Regels De regelgeving loopt met deze ontwikkeling in de pas. Sinds 1 januari van dit jaar geldt een landelijke richtlijn van artsenorganisatie KNMG (Koninklijke Nederlandse Maatschappij voor Geneeskunde). De geformuleerde regels zijn vrij algemeen. Zo mag een arts alleen besluiten tot on-line contact met een patiënt 'in gevallen waarin de kwaliteit van zorg voldoende is gegarandeerd en de kans op nadelige gevolgen voldoende is verkleind'. Is zo'n rekkelijke richtlijn genoeg? Internist Georg Hennemann, verbondenaan www.mijnspecialist.nl als specialist, vindt van wel. "Sterker, ik zou willen dat het volgens de regels normaal wordt dat ook artsen en patiënten die geen bestaande behandelrelatie met elkaar hebben, elkaar treffen via internet. Dat is in de praktijk al zo, maar de KNMG is hier nog heel voorzichtig." Hennemann ziet alleen maar voordelen van e-health. "Van de bezoekers van onze site zegt dertig procent dat ze hebben afgezien van doktersbezoek nadat wij hun vragen per mail hadden beantwoord. Bedenk eens wat een besparingen dit oplevert!"

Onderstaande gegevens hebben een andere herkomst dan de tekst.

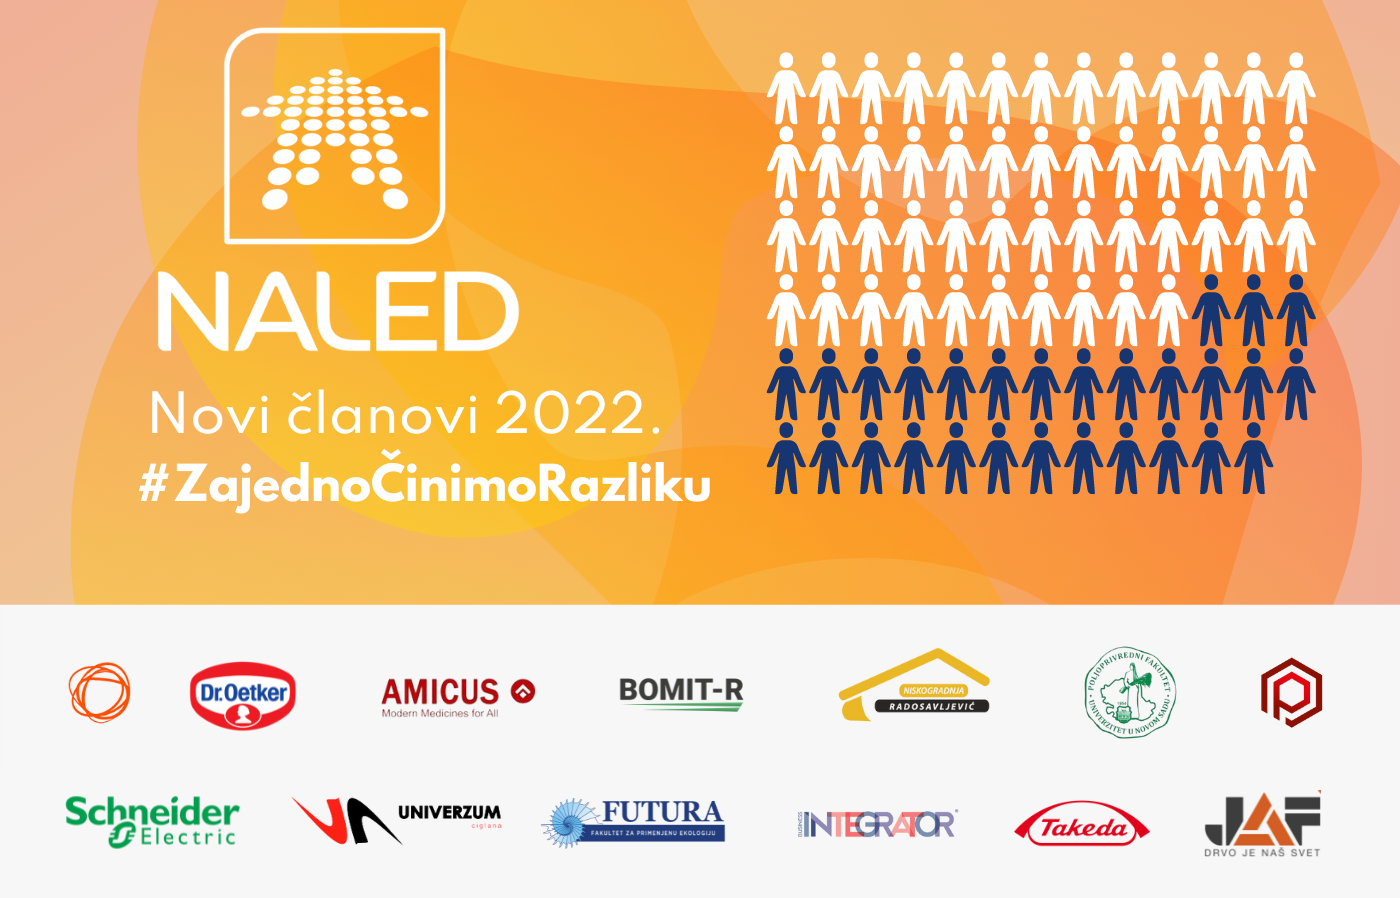 Osnaženo članstvo NALED-a u prvoj polovini 2022.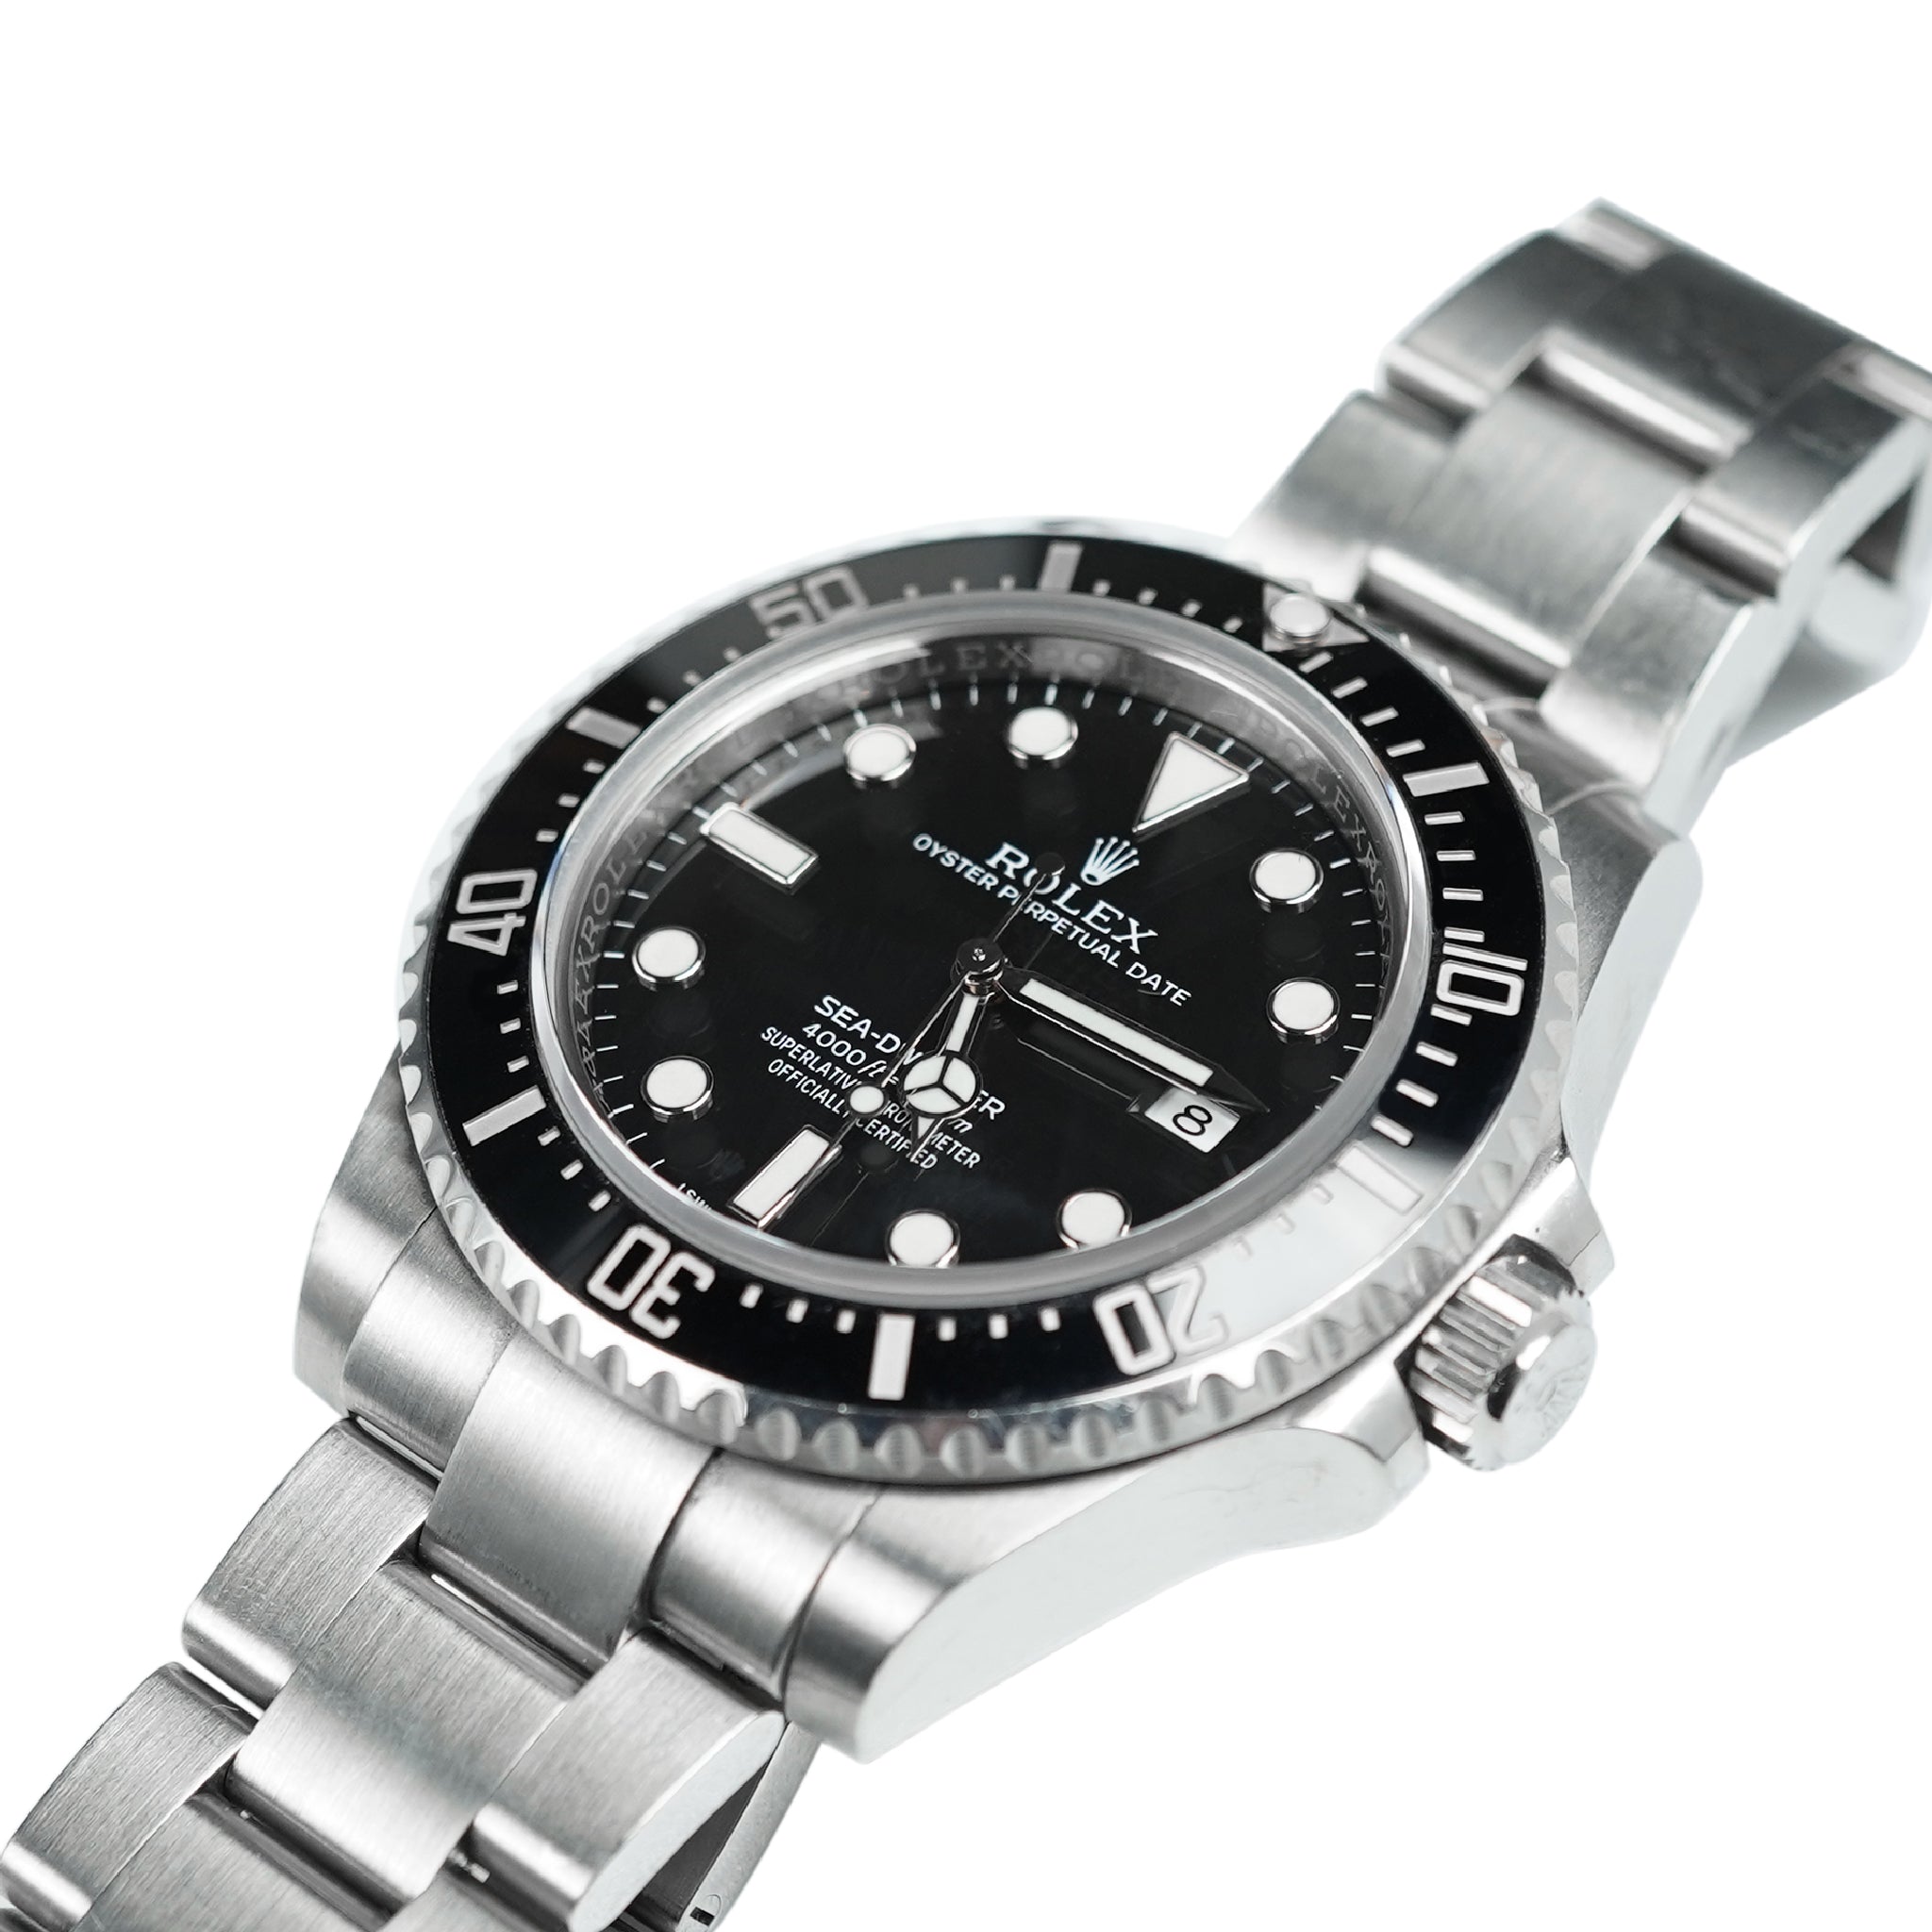 Rolex Sea-Dweller 4000 Automatic 40mm Steel Men's Bracelet Watch Date (Discontinued Model)

Er is niet alleen lof voor de internetzorg. De internetapotheken kwamen eerder dit jaar in opspraak toen een 44-jarige vrouw zelfmoord pleegde met pillen die ze via een apothekerssite had bemachtigd. De betrokken arts, die het recept ondertekende, moet zich dit jaar voor een tuchtcollege verantwoorden. De Tweede Kamer bepleitte dat het verboden moet worden om zware medicijnen via internet te verkopen. Ondanks de kritiek naar aanleiding van deze zaak gaan de ontwikkelingen in medisch cyberspace snel. Zo heeft de website vivici.nl een computerdokter die tegen betaling adviseert of iemand met zijn klachten naar de huisarts moet of niet. De bezoeker vult online verschillende vragenlijsten in. De softwaremodule werkt met eenzelfde soort 'beslisboom' waarmee bijvoorbeeld ook doktersassistenten aan de telefoon bepalen of een patiënt moet langskomen of niet. De software is al zover dat sommige artsen geloven dat een computerdokter die eigenhandig diagnoses stelt, niet ver weg meer is. Hennemann betwijfelt dat. "Ik betwijfel of het wenselijk is. Geen ziektebeeld is hetzelfde. Een arts heeft de ervaring en een extra zintuig, een computer niet."
Er moet de komende jaren nog een hoop worden uitgedokterd over e-health, denkt Peter Leusink. Hijzelf is met vragenlijsten aan het bekijken hoe effectief de 'e-zorg' via zijn eigen site eigenlijk is. "Voor welke patiëntengroepen is zorg via internet wenselijk en effectief? Dat is nog niet duidelijk. Er blijven vragen, haken en ogen." Maar de opmars van de digitale dokter is onomkeerbaar, zegt de arts uit Gouda. "Want de patiënt wil het."